Work to be completed >>
Start at the line that contains "Patta – Basic" in the listing below and extract every line through the last, exactly; leave pictures out.

Recorded data >>
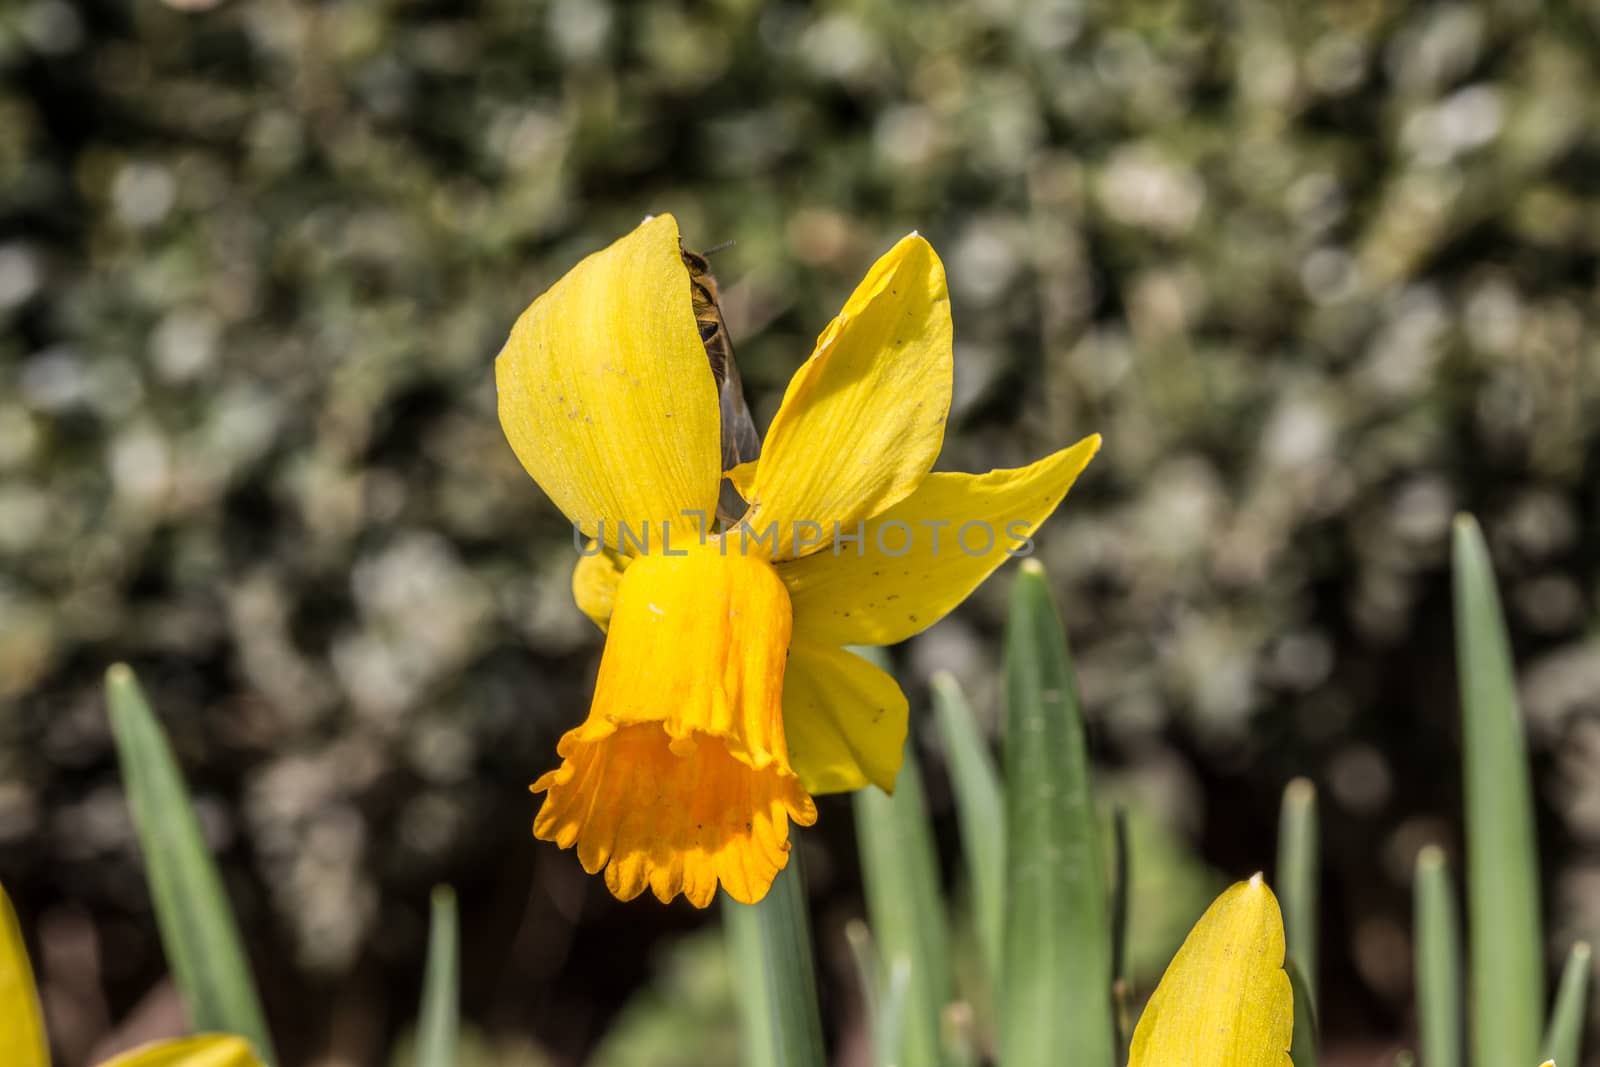 yellow daffodils or daffodils in spring
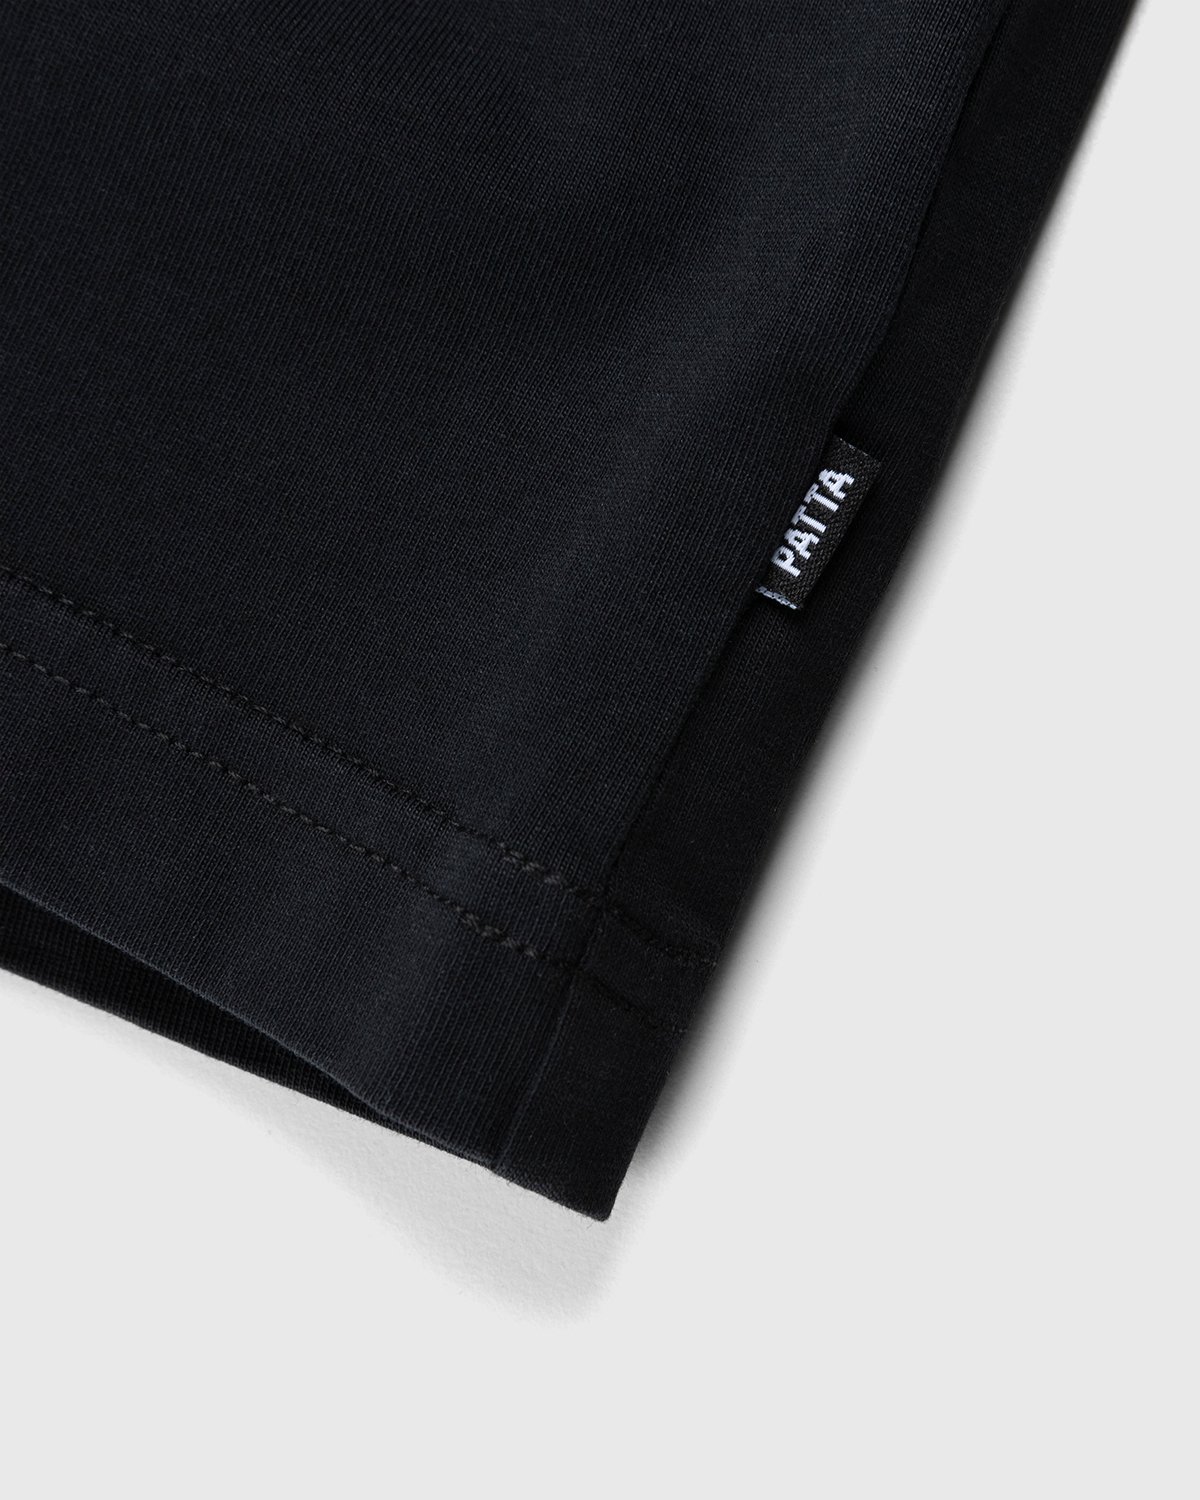 Patta – Basic Washed Pocket T-Shirt Black | Highsnobiety Shop
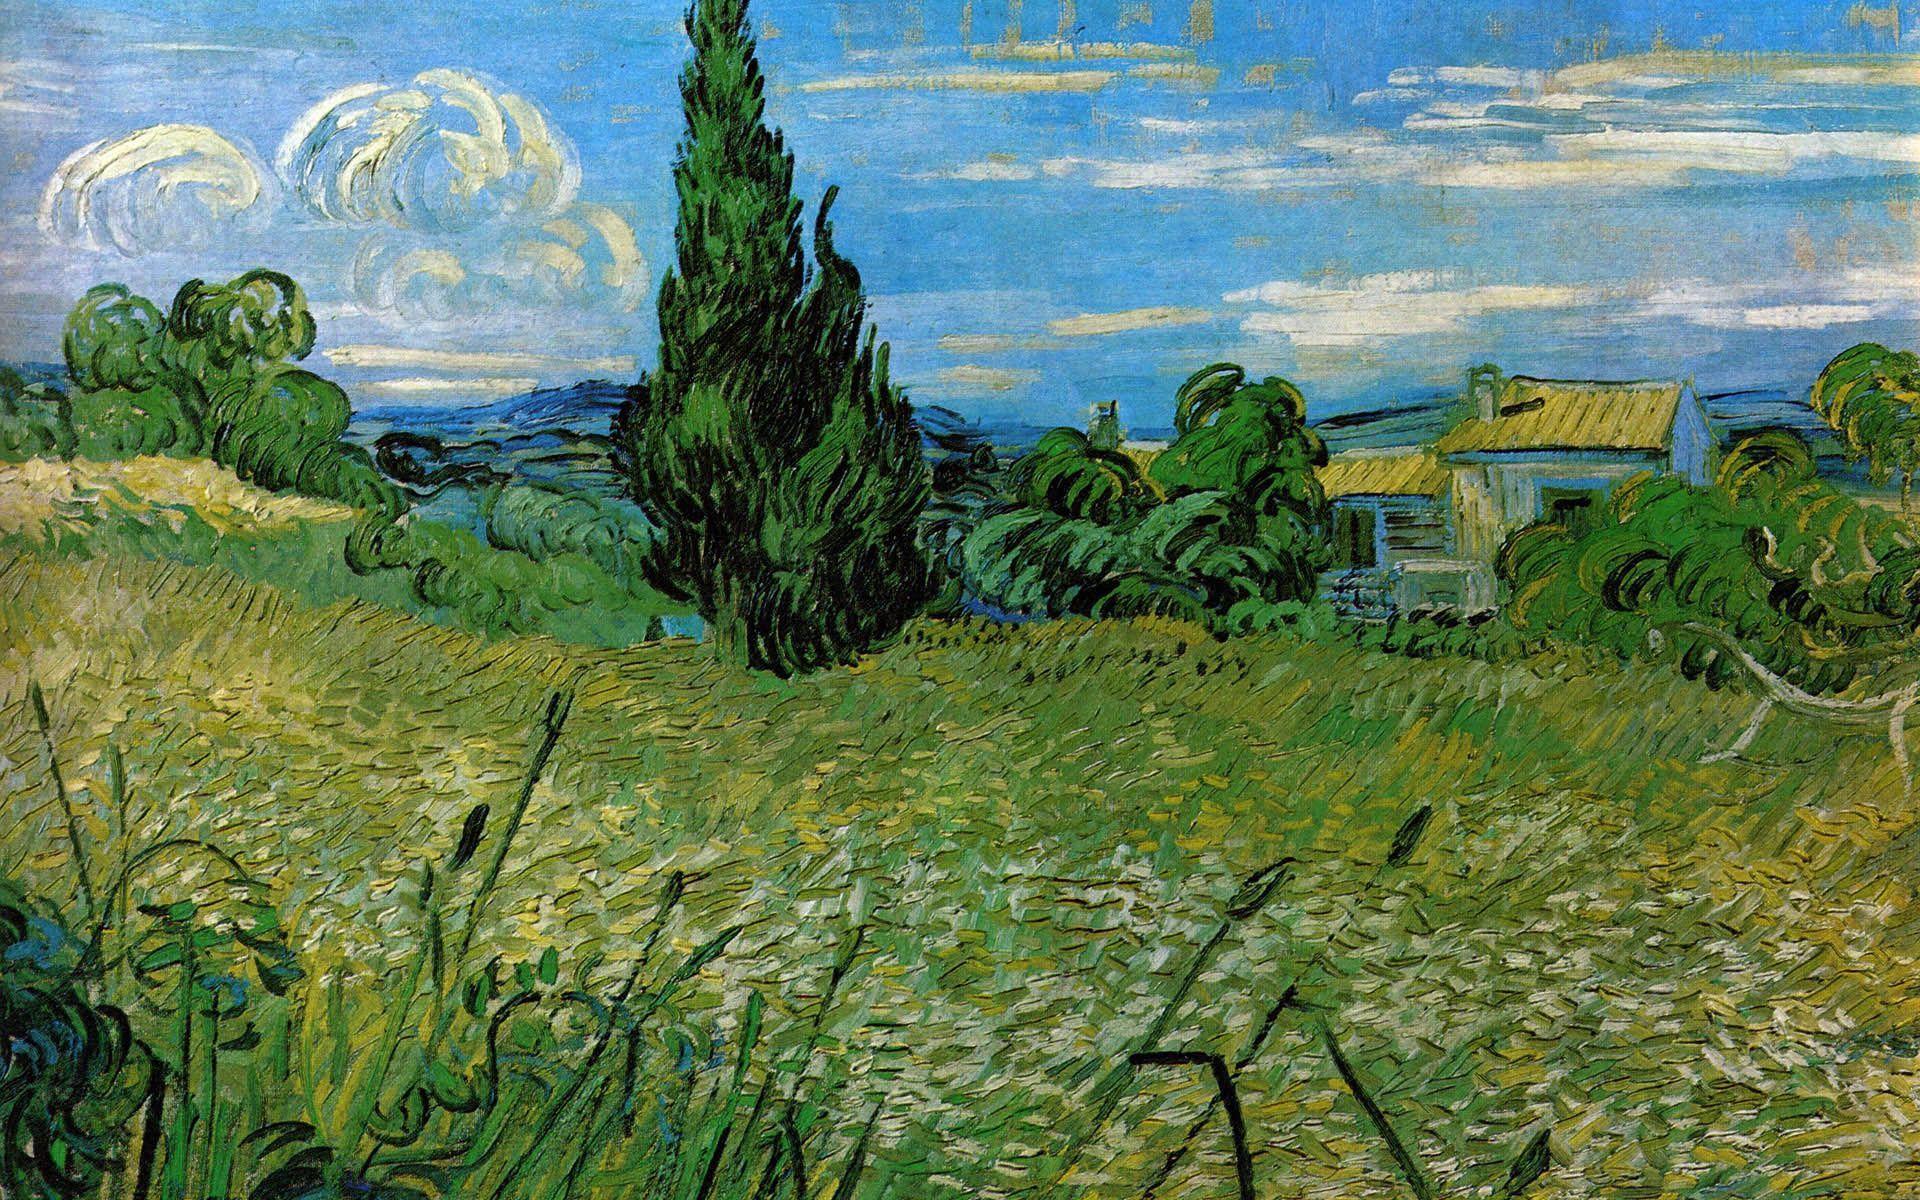 Các bức tranh của Van Gogh mang đến sự khác biệt và sự tinh tế trong nghệ thuật của ông. Với các hình nền PC được lấy cảm hứng từ tác phẩm của anh tài này, bạn sẽ được trải nghiệm một không gian làm việc và giải trí đầy sáng tạo và nghệ thuật.

Task output >>
 Patta – Basic Washed Pocket T-Shirt Black | Highsnobiety Shop
 Các bức tranh của Van Gogh mang đến sự khác biệt và sự tinh tế trong nghệ thuật của ông. Với các hình nền PC được lấy cảm hứng từ tác phẩm của anh tài này, bạn sẽ được trải nghiệm một không gian làm việc và giải trí đầy sáng tạo và nghệ thuật.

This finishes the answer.